His wife was stronger. “Jeannie, we know it’s difficult —”
Jeannie turned to face the enemy. The north pickup got it all: the right hand rising to the mouth, the index finger going in. The defiant glare in those glistening, focused eyes.
Kim took a step forward. “Jean, honey, no!”
They were baby teeth, still, but sharp. They’d bitten to the bone before Mommy even got within touching distance. A red stain blossomed from Jeannie’s mouth, flowed down her chin like some perverted re-enactment of mealtime messes as a baby, and covered the lower half of her face in an instant. Above the gore, bright angry eyes said gotcha.
Without a sound Jeannie Goravec collapsed, eyes rolling back in her head as she pitched forward. Kim caught her just before her head hit the floor. “Oh God, Andy, she’s fainted, she’s in shock, she—”

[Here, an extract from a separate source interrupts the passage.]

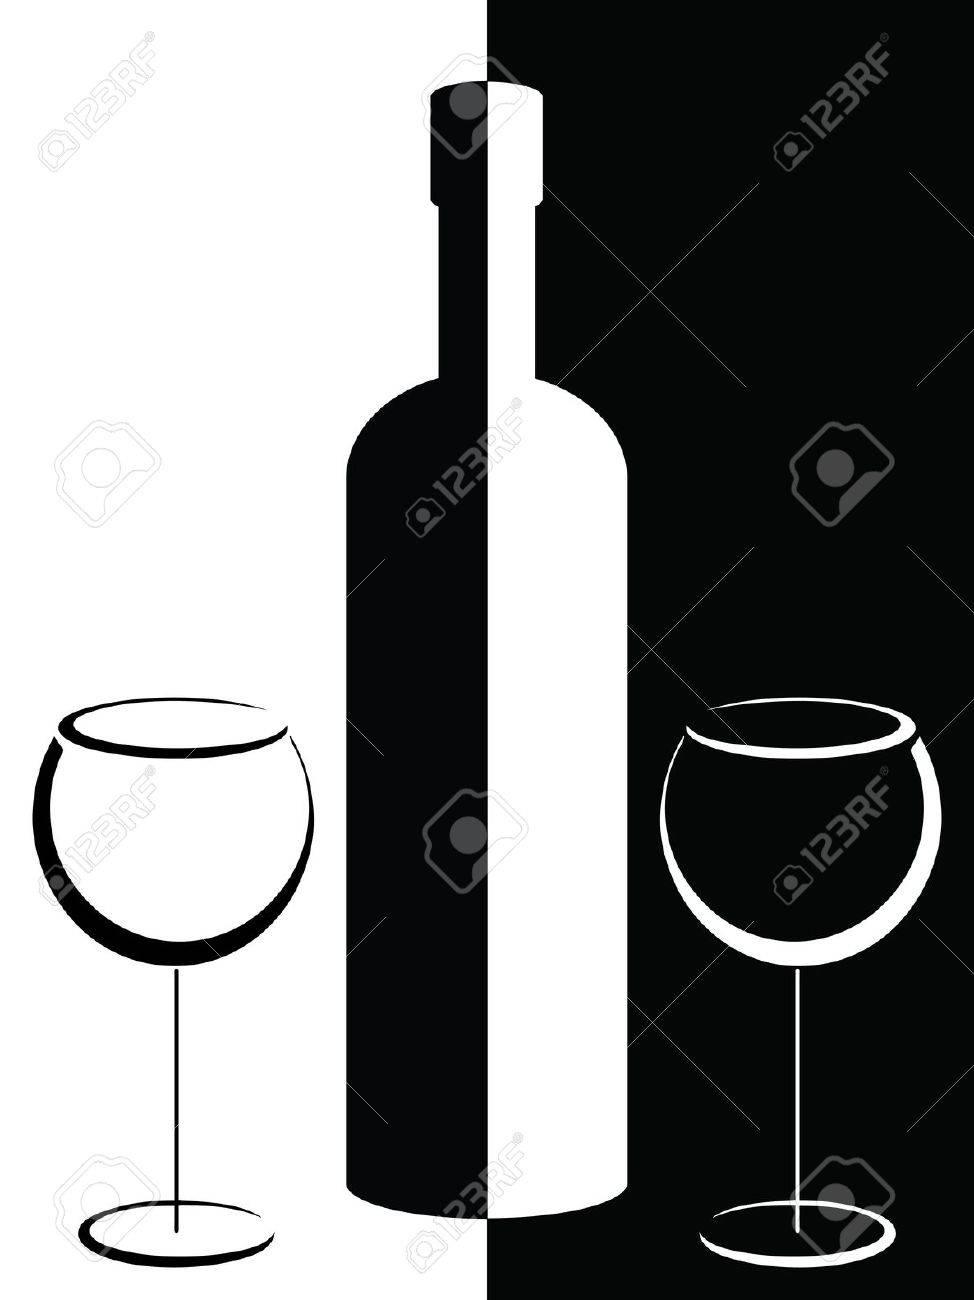 Affiche En Noir Et Blanc Avec La Bouteille Et Verres A Vin Clip Art Libres De Droits Vecteurs Et Illustration Image 13091517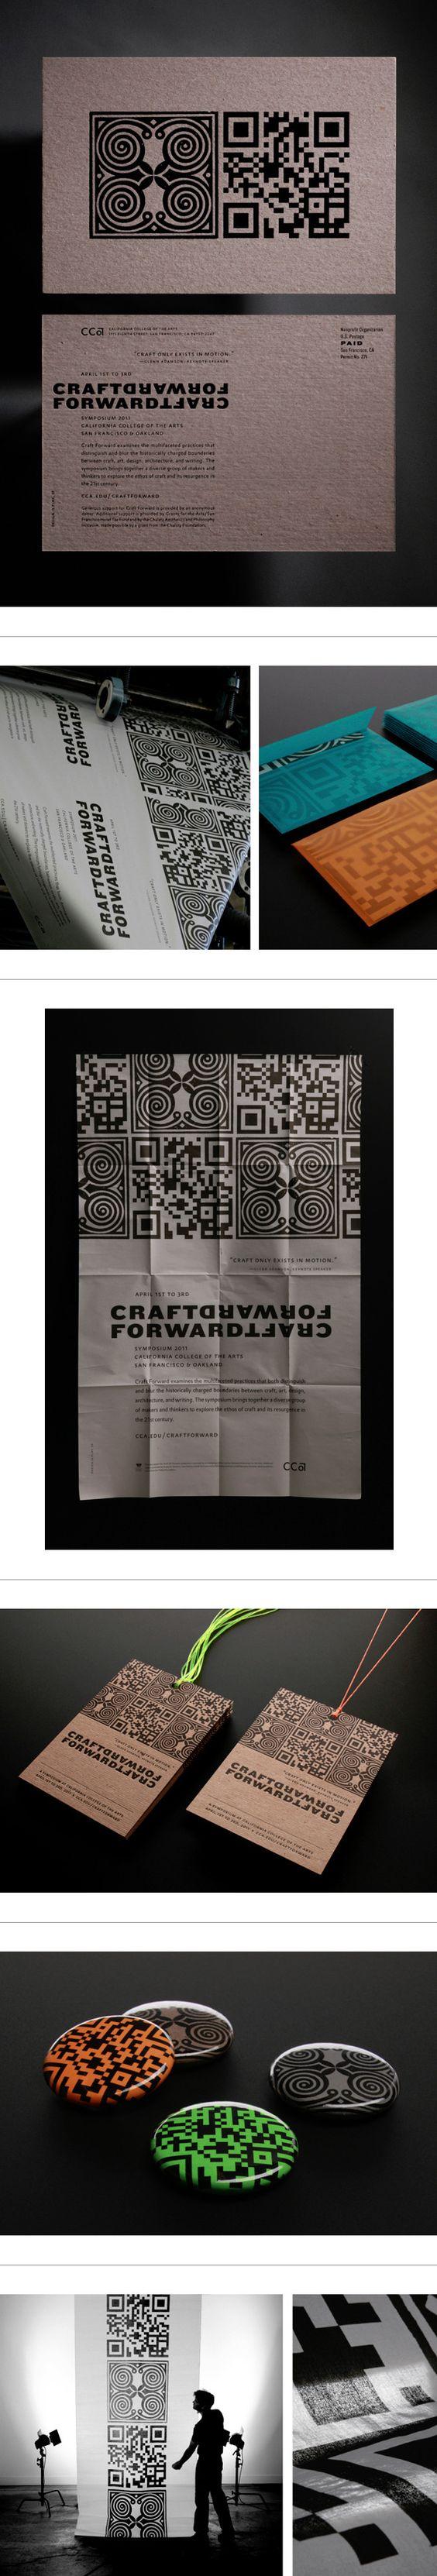 CCA Craft Forward Symposium Identity System

Andrew didn’t move. One hand was buried in the pocket of his blazer, fiddling with something.
Stavros felt his mouth twitch. Is that a remote control in your pocket or are you just glad to—
Kim had the tube of liquid skin out, sprayed it onto Jeannie’s hand while cradling the child’s head in her lap. The bleeding slowed. After a moment Kim looked back at her husband, who was standing motionless and unhelpful against the wall. He had that look on his face, that giveaway look that Stavros was seeing so often these days.
“You turned her off,” Kim said, her voice rising. “After everything we’d agreed on, you still turned her off?!”
Andrew shrugged helplessly. “Kim…”
Kim refused to look at him. She rocked back and forth, tuneless breath whistling between her teeth, Jeannie’s head still in her lap. Kim and Andrew Goravec with their bundle of joy. Between them, the cable connecting Jeannie’s head to the server shivered on the floor like a disputed boundary.